Wir sehen uns in Bad Salzdetfurth!


----------



## stevens28/2 (8. Juni 2022)

Supi....dieses Jahr gibt es ja recht wenige XC Rennen und dann so eine tolle und technische Strecke.....


----------



## MTB-News.de




----------



## Ben9696 (30. August 2022)

Habe gestern mal 3 Runden auf der Strecke gedreht, teils ist der Verlauf leider nicht mehr ganz klar. Auch wird mit der Zeit der Zustand es vermutlich schwierig machen die Strecken zu nutzen, hoffe sie planen zumindest jährlich eine Renovierung durchzuführen.

Strecke ist teilweise schon krass, in einer kurvigen Bergaufpassage fehlt mir komplette die Technik für die Spitzkehren mit Wurzeln etc., und auch der obere Rockgarden ist für mich eher unfahrbar. Wie man auf so einer Strecke soviel Speed aufbauen kann ist mir ein Rätsel. Warum beim Hauptanstieg dermaßen mit Kies/Geröll gearbeitet wurde verstehe ich nicht..

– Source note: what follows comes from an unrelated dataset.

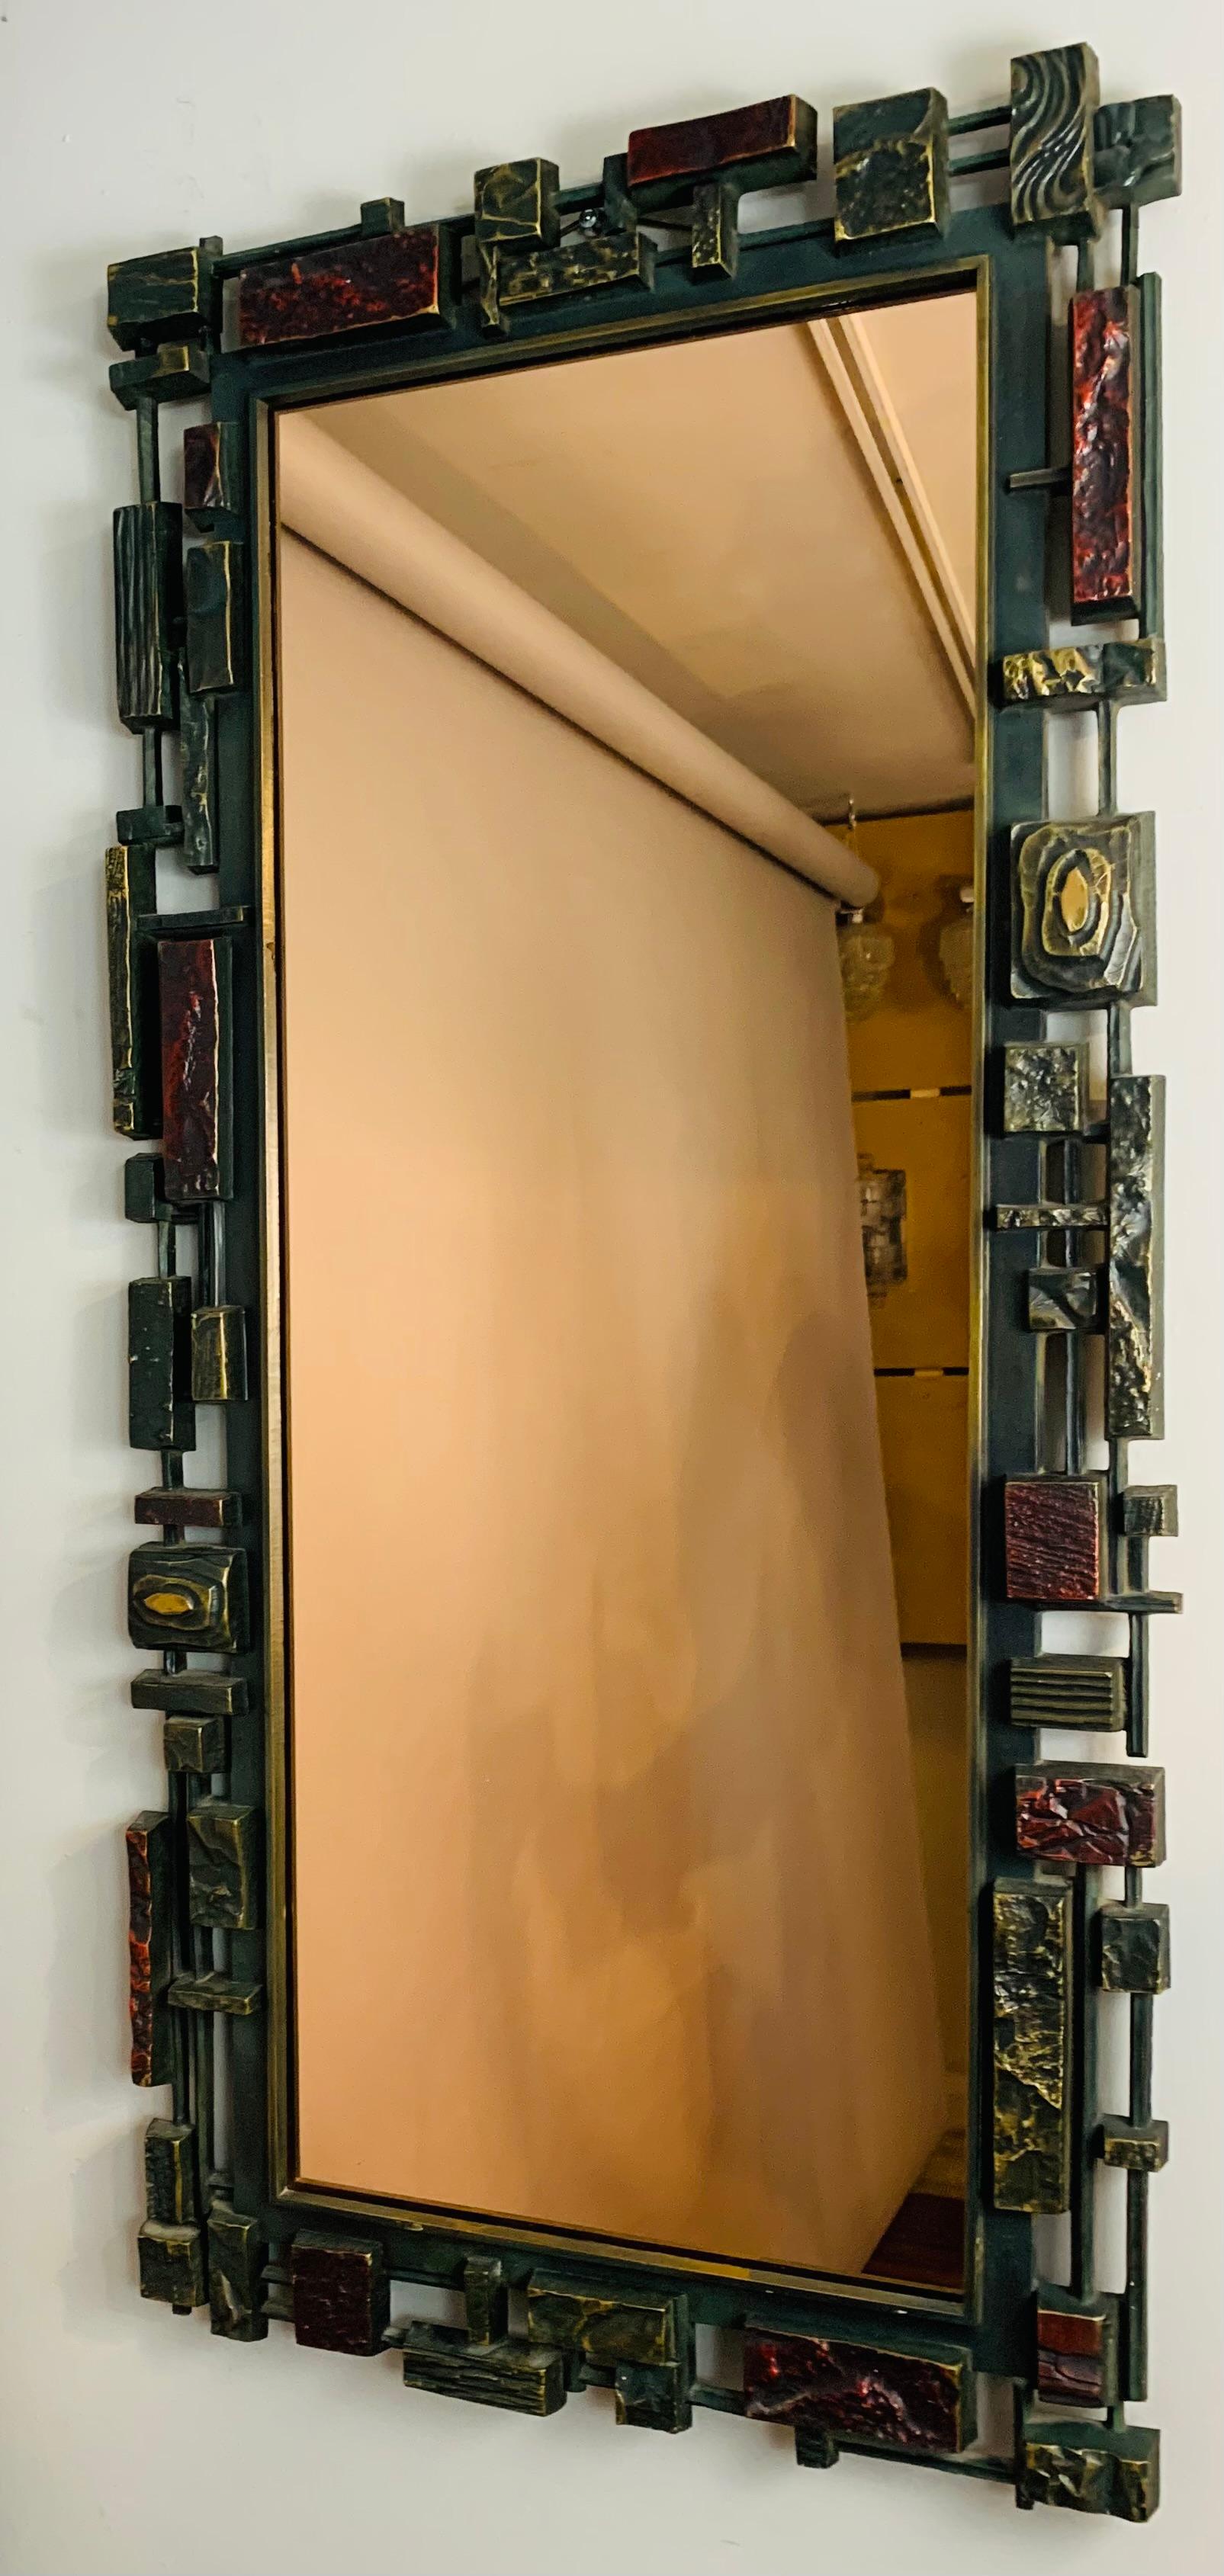 1970s rectangular hanging wall mirror manufactured by Syroco, USA. The unusual, abstract, frame is formed from an injection moulded textured thick resin plastic which is multi-coloured with a metallic finish in vibrant colours of gold and red. The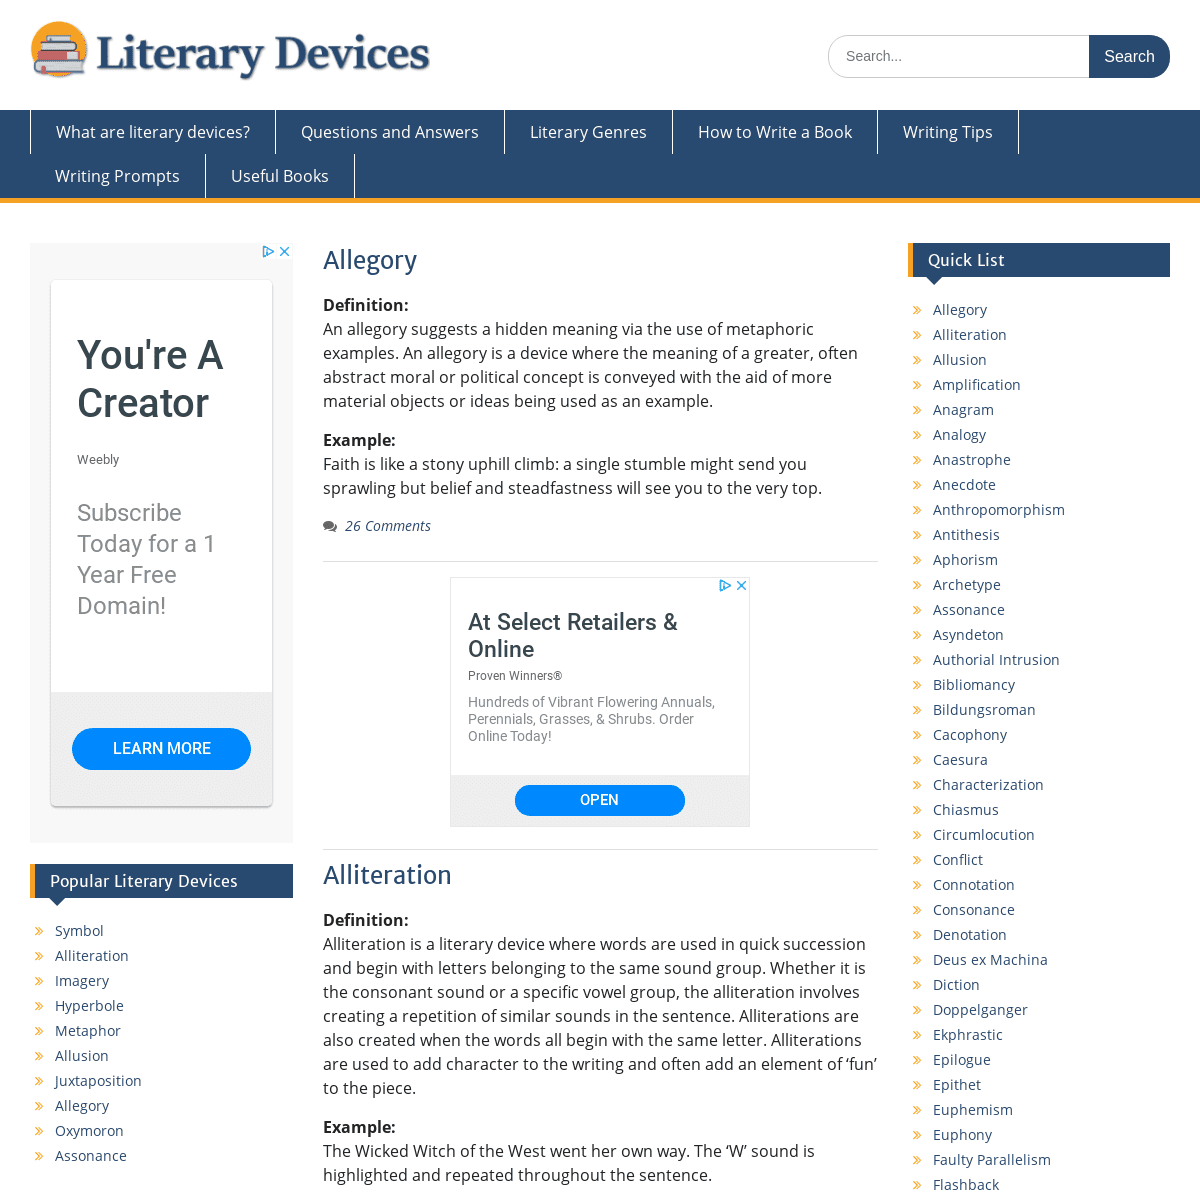 A complete backup of literary-devices.com

Aber in Summe geile Strecke, denke werde da hin & wieder mal hinfahren übern Winter.


----------



## FirstGeneration (30. August 2022)

Schau Dir mal das Streckenvideo von David List mit Max Brandl auf You Tube an, dann siehst Du, wo die Strecke entlang führt.
Der Hauptanstieg war ein Wirtschaftsweg, der geschottert war und jetzt so in die Strecke eingebaut worden ist; ist so und leider nicht zu ändern.


----------



## Günther-Kette-R (27. September 2022)

Ben9696 schrieb:


> Habe gestern mal 3 Runden auf der Strecke gedreht, teils ist der Verlauf leider nicht mehr ganz klar. Auch wird mit der Zeit der Zustand es vermutlich schwierig machen die Strecken zu nutzen, hoffe sie planen zumindest jährlich eine Renovierung durchzuführen.
> 
> Strecke ist teilweise schon krass, in einer kurvigen Bergaufpassage fehlt mir komplette die Technik für die Spitzkehren mit Wurzeln etc., und auch der obere Rockgarden ist für mich eher unfahrbar. Wie man auf so einer Strecke soviel Speed aufbauen kann ist mir ein Rätsel. Warum beim Hauptanstieg dermaßen mit Kies/Geröll gearbeitet wurde verstehe ich nicht..
> 
> Aber in Summe geile Strecke, denke werde da hin & wieder mal hinfahren übern Winter.


Salve! Freut uns wenn es Dir gefallen hat! Im Prinzip ist die Strecke auch jetzt noch komplett fahrbar: der Naturdownhilltrail wächst natürlich im Sommer etwas zu, sollte jetzt aber wieder frei sein. Der obere Rockgarden sieht schwerer aus als er ist und die Spitzkehren sind mit etwas Streckenkenntnis kein Ding. Insgesamt ist natürlich Streckenkenntis immer von Vorteil. Alle technisch schwierigen Teile sind umfahrbar und es gibt im BOP unzählige weitere spannende XCO-Fahrvarianten, z. B. der flowtrail und der snaketrail sowie diverse CX-Linien! Auf einigen veranstalten wir am 8. & 9. Oktober ein Cyclocross Rennen!


----------